Extradite David Headley, Rana to India for their role in 26/11, India tells US again
The NIA raised the issue of Headley and Rana's extradition when FBI Deputy Director Andrew McCabe visited India this month.
New Delhi: India has made a fresh request to the United States for extradition of terrorists David Coleman Headley and Tahawwur Rana, for their role in the 26/11 Mumbai attacks which killed 166 people.
According to reports, Andrew McCabe, Deputy Director of the Federal Bureau of Investigation (FBI), visited India earlier in April and met officials of the National Investigation Agency (NIA).
NIA, charged with the probe into the 2008 Mumbai attacks, raised with FBI the matter of extradition of Headley and Rana. It also said that multiple such requests in the case of Rana had gone unheeded.
NIA told FBI that though Rana had been tried in a US court and convicted of providing material to the Lashkar-e-Taiba (LeT) which carried out the attacks, he had not been tried for offences registered in India – of forgery and criminal breach of trust.

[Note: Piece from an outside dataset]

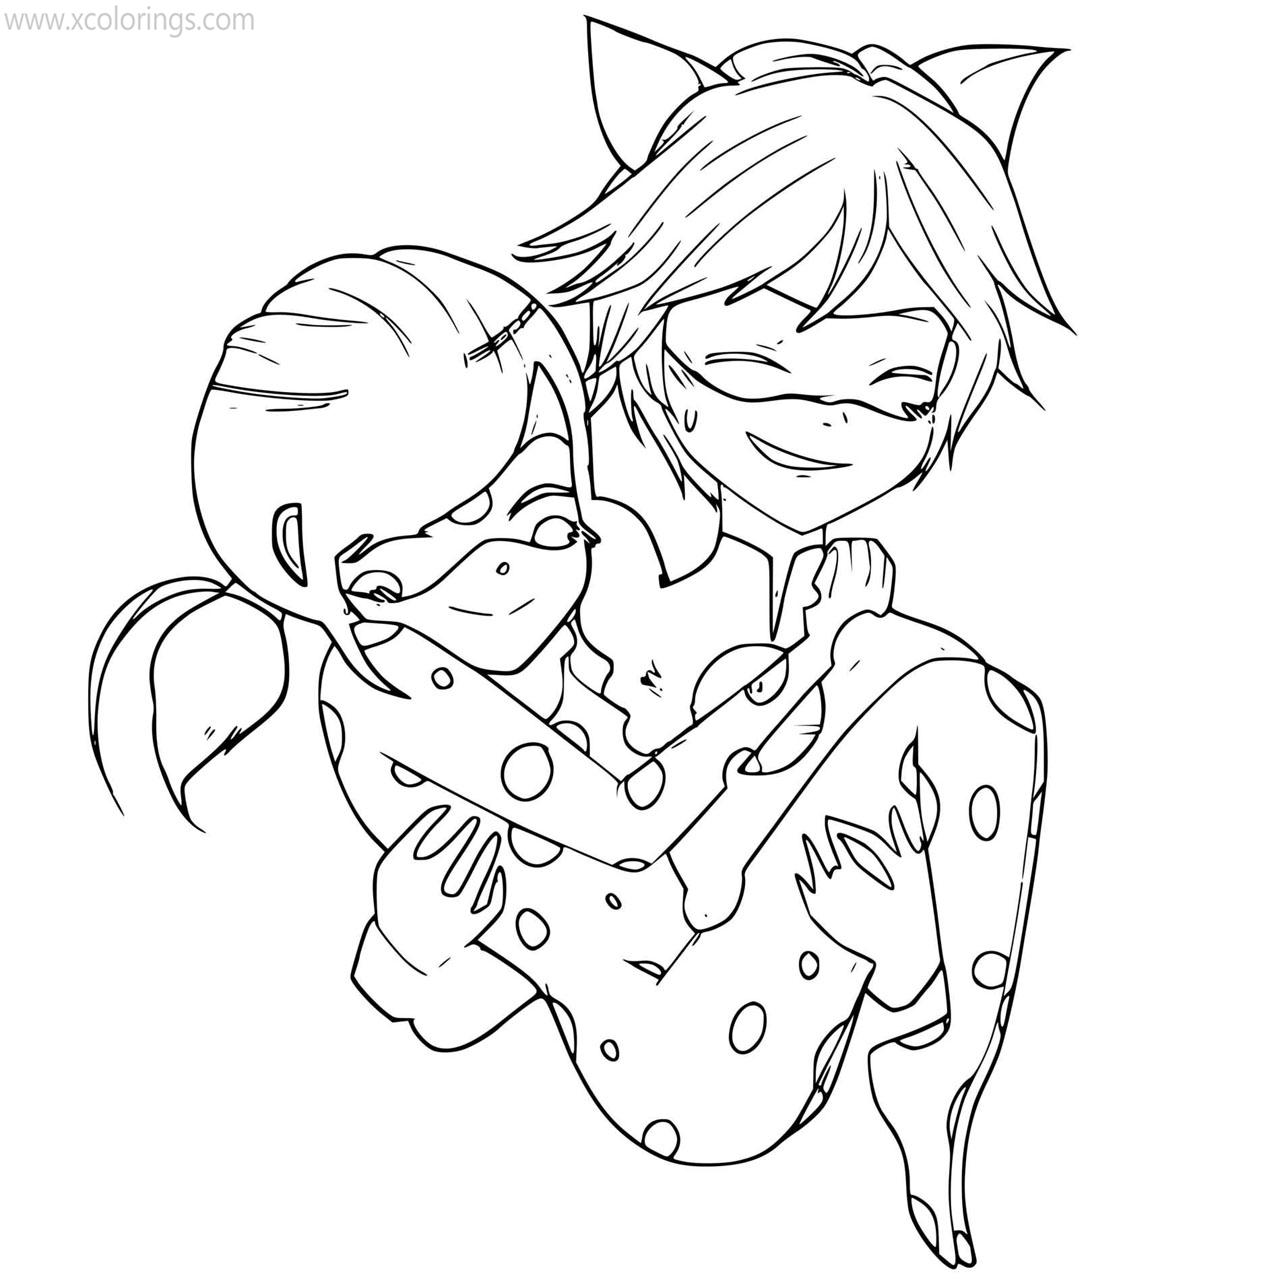 Happy Miraculous Ladybug Coloring Pages - XColorings.com
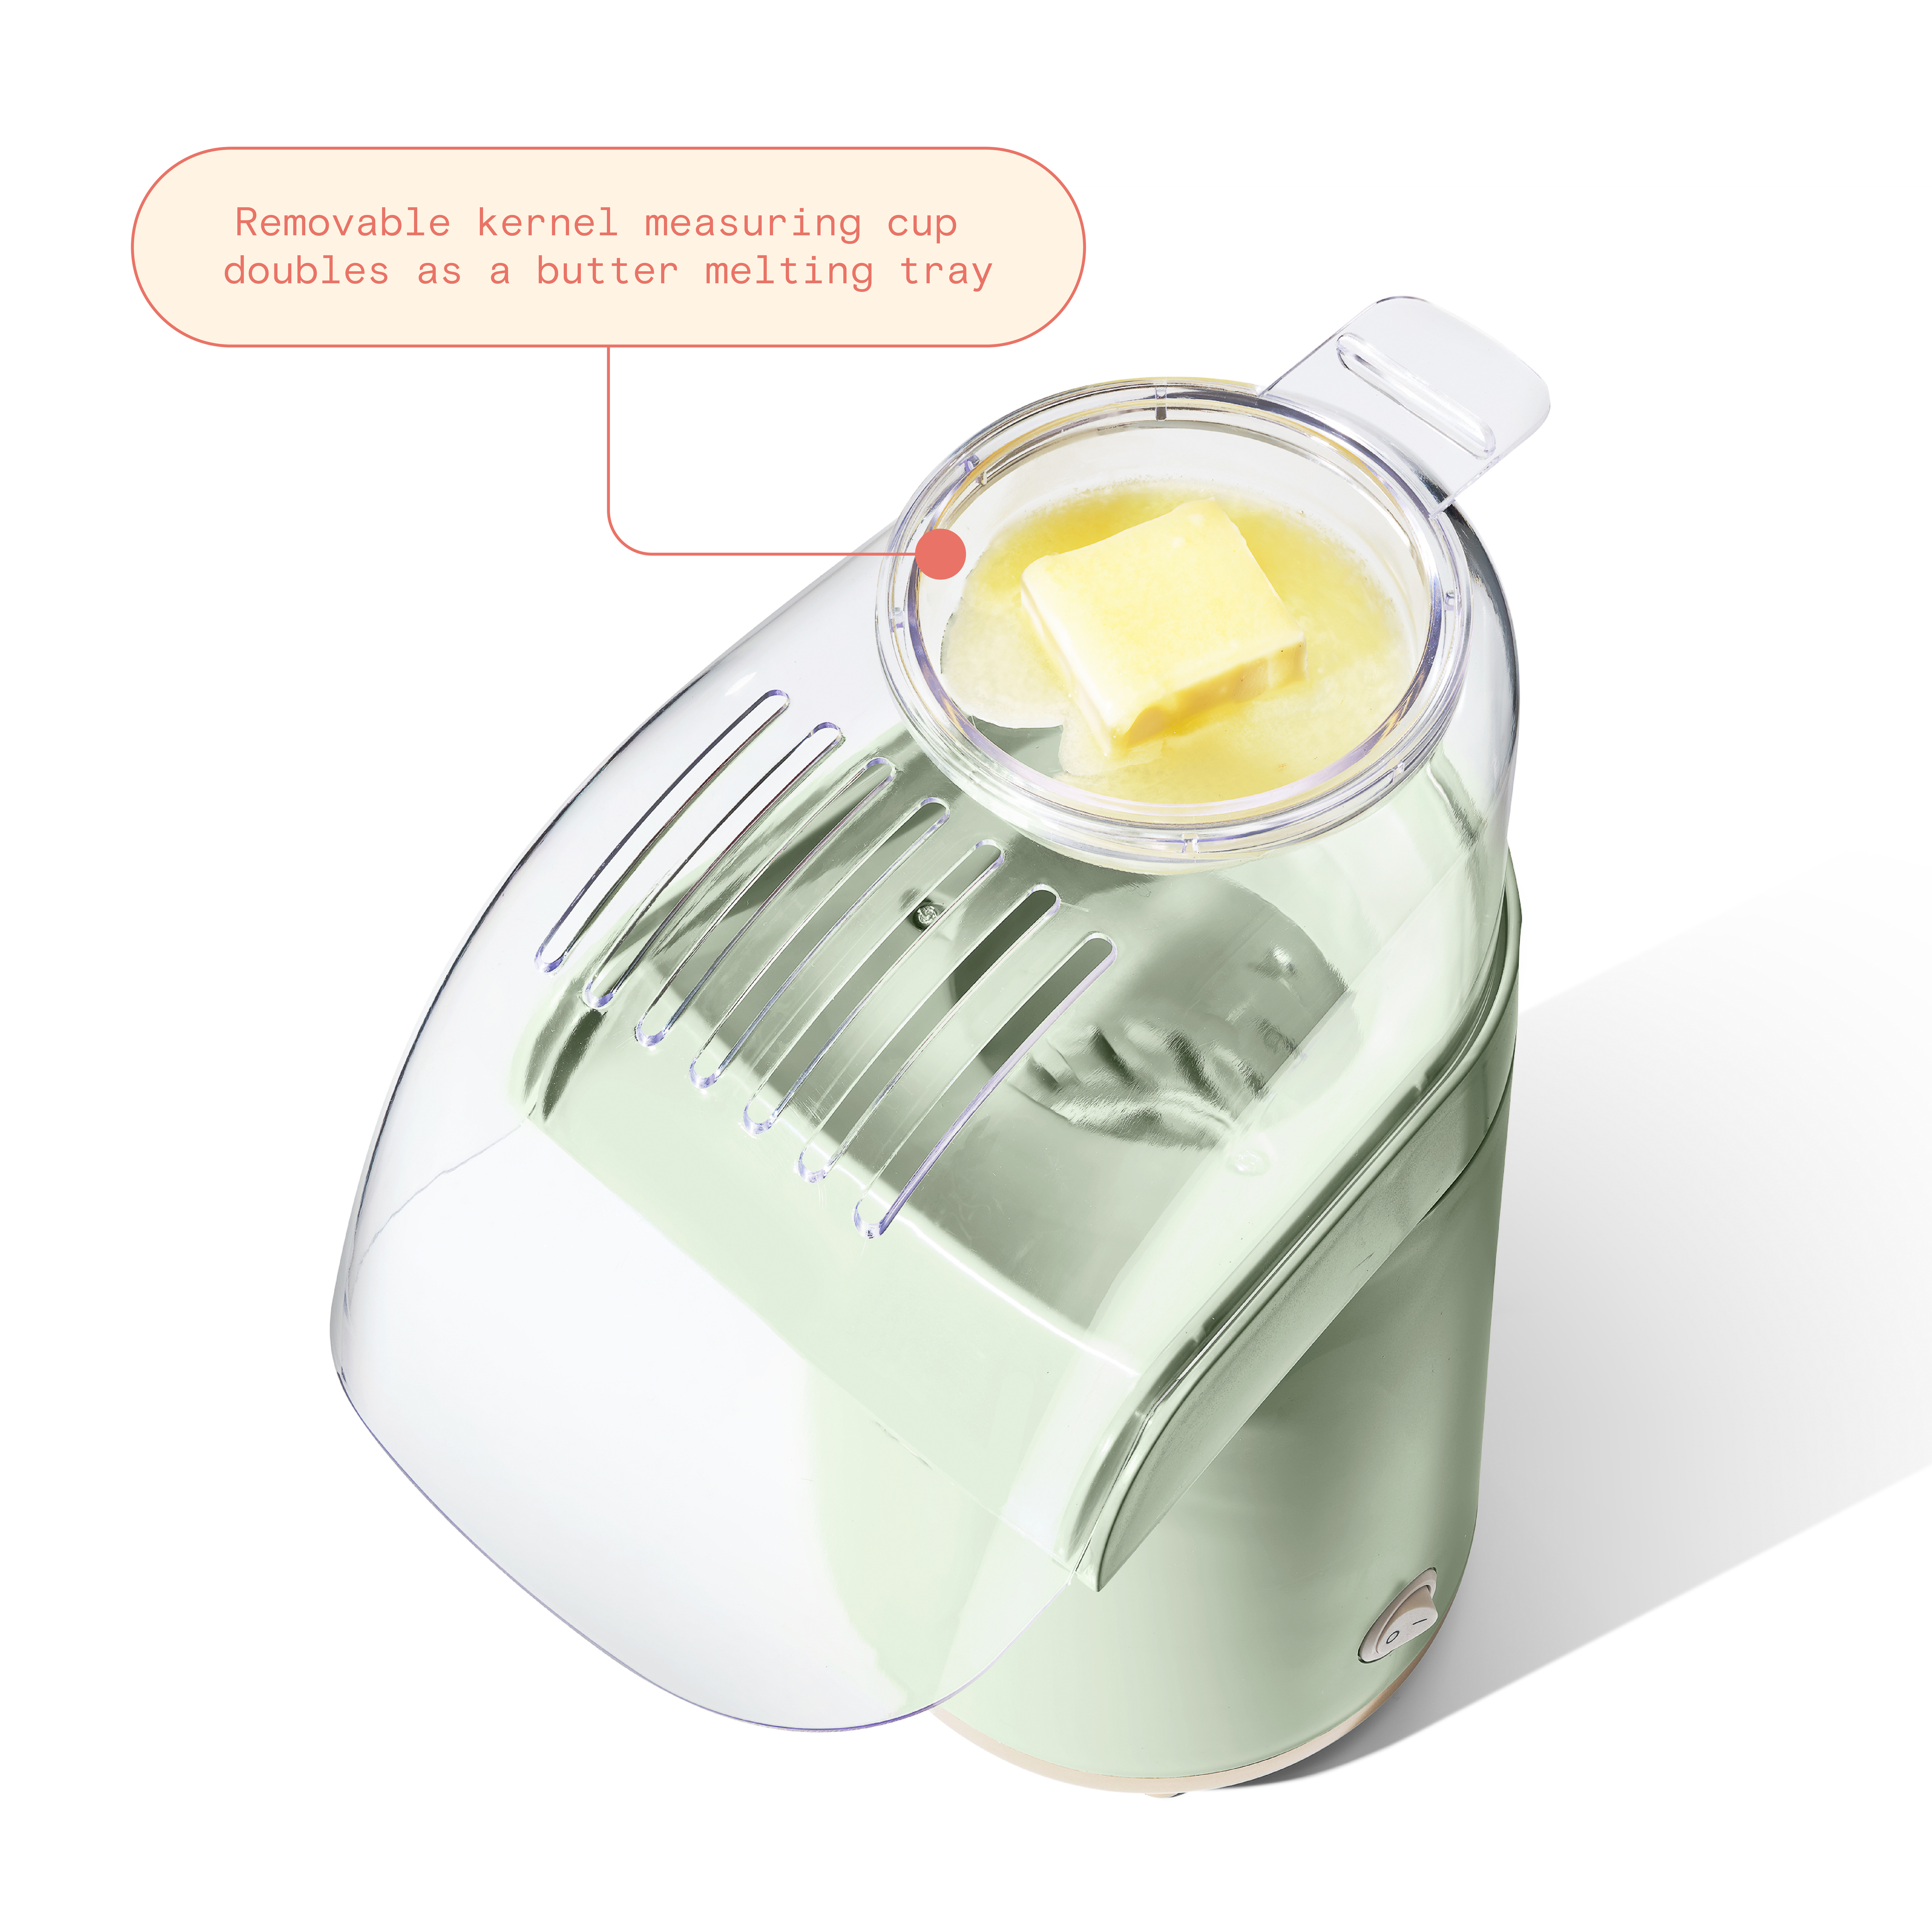 Beautiful 16 Cup Hot Air Electric Popcorn Maker, Sage Green by Drew Barrymore - image 5 of 13

Rana’s extradition is stuck because the ‘double jeopardy’ clause in US law prevents punishment for the same offence twice. India has demanded Rana’s extradition on the grounds of planning an attack on the National Defence College (NDC) and Chabad House in several cities.
Reports said that FBI assured NIA it would look into the matter.
Headley has been sentenced to 35 years in prison by a US court, but Indian officials think they have a case because his conviction was made only on the basis of 6 Americans killed in the 26//11 attack, said reports. Many Indians were also killed and for this, Headley is still to face the law.
Rana, a school friend of Headley, is serving a 14-year term in the US for providing material support to the LeT.